Those were tumultuous times, and at least one Gateway editorial writer had difficulty working up any enthusiasm for the yearbook debate: "While many other universities find it possible to get student solidarity for a massive strike," he wrote, "good Old backward U of A is doing its thing with impassioned and heartfelt arguments about whether the yearbook should be retained. All this in an age when many campuses have already given up having a yearbook published, due to impracticability and irrelevancy."

Evidently, most students shared his disdain. When it came time for the special meeting, the Students' Union executive faced 800 vocal yearbook supporters, but that number fell far short of the 1,800 students (10 per cent of the student body) needed for a quorum. It was effectively the end of the proud Evergreen and Gold tradition.

Eventually, there was a yearbook published in 1971, but it makes no attempt to be a chronicle of the year's events and activities. It is a strange publication, organized into two small volumes and entitled Who's Who at the factory. One of the volumes contains only names and photos of the graduates, which are separated by title pages containing the names of the faculties and schools — there are no other words, no introductory text, no page numbers, nothing else. The 64-page companion volume (which came complete with a fold-out psychedelic poster) is an esoteric mix of photography, cartoons, interviews, free verse, and other forms of literary expression.

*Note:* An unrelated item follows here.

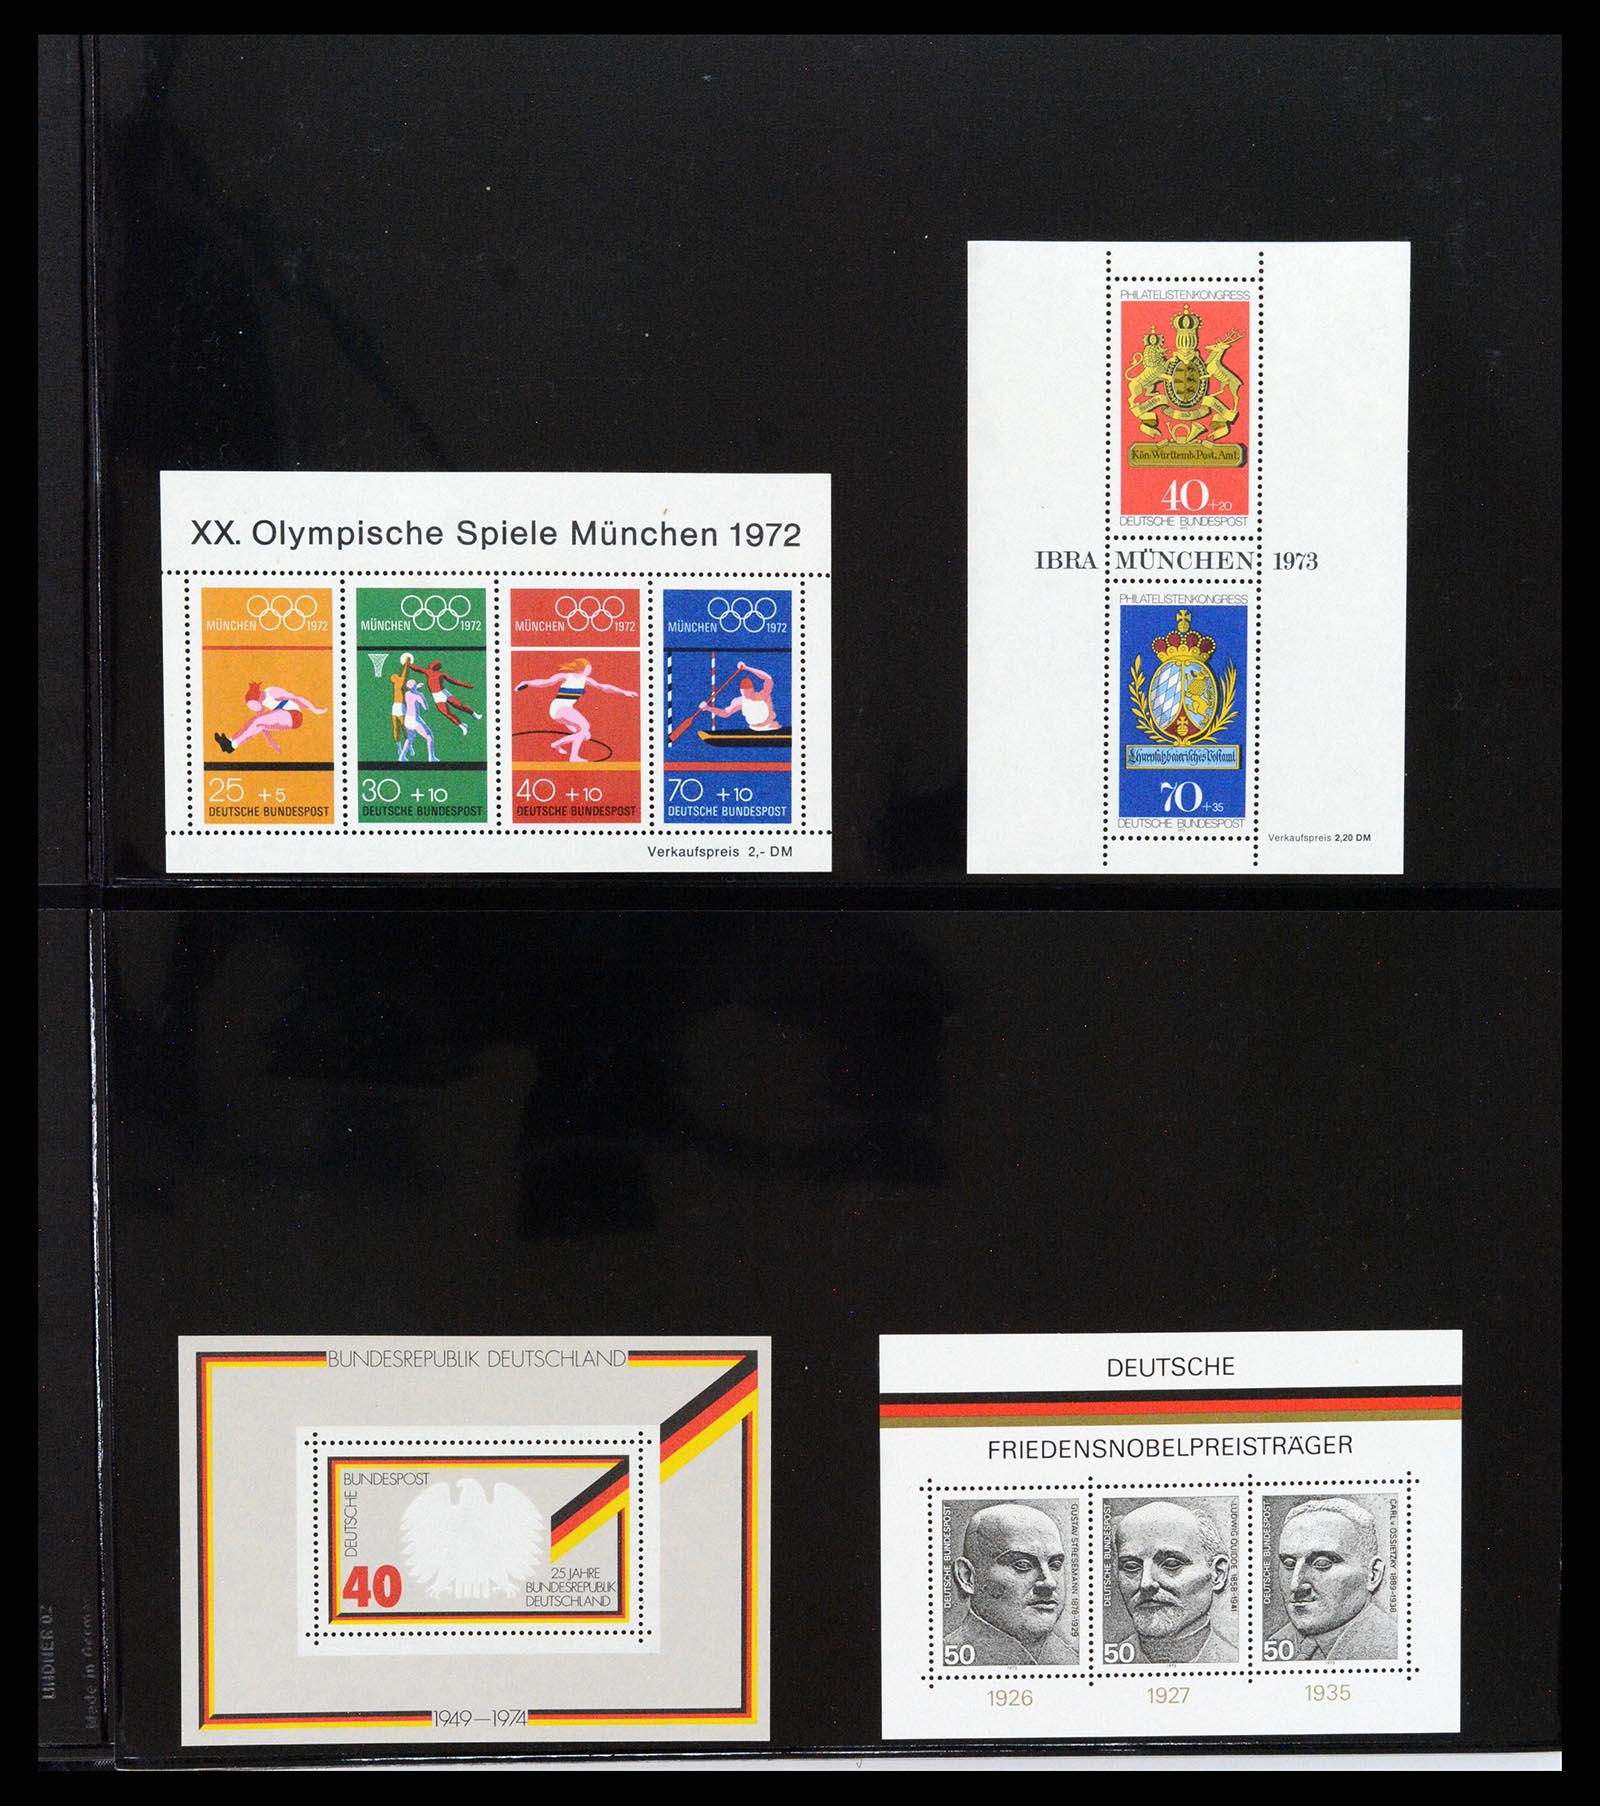 37345 034 - Stamp collection 37345 European countries souvenir sheets.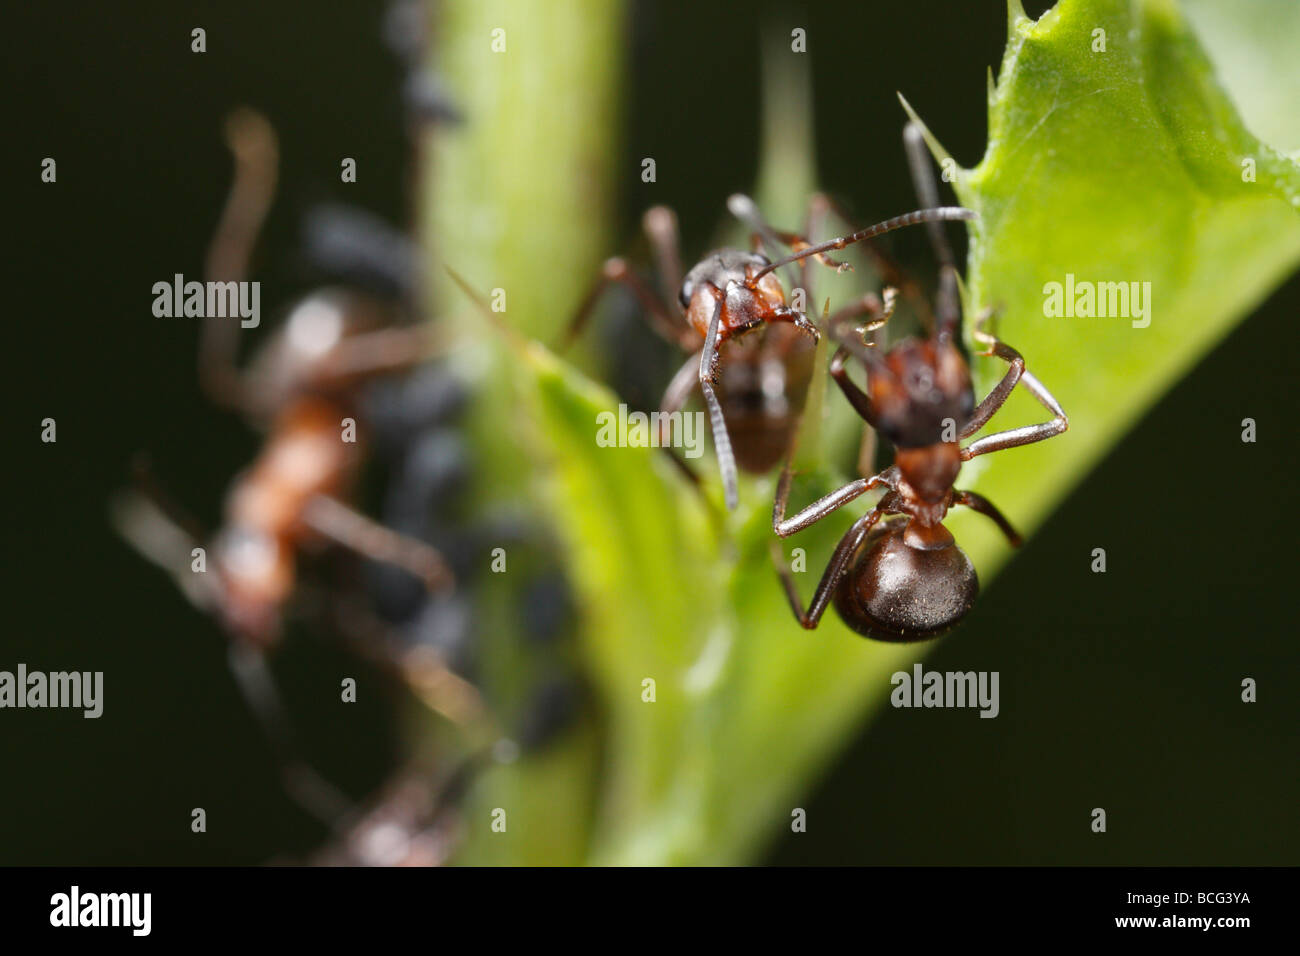 Dos caballos de hormigas (Formica rufa) en pose amenazadora. Foto de stock

There wasn't another volume of Evergreen and Gold published until 1983-84. In that year, the University's 75th anniversary year, a group of interested students led by Michael Ford, '81 BCom, '85 LLB, attempted to revive the yearbook and produced Volume 52 of Evergreen and Gold. This time the book contains grad photos, only images and text preserving the memory of a special year in the University's history.

Volume 53 of Evergreen and Gold is yet to be produced.

Published Spring/Summer 1999.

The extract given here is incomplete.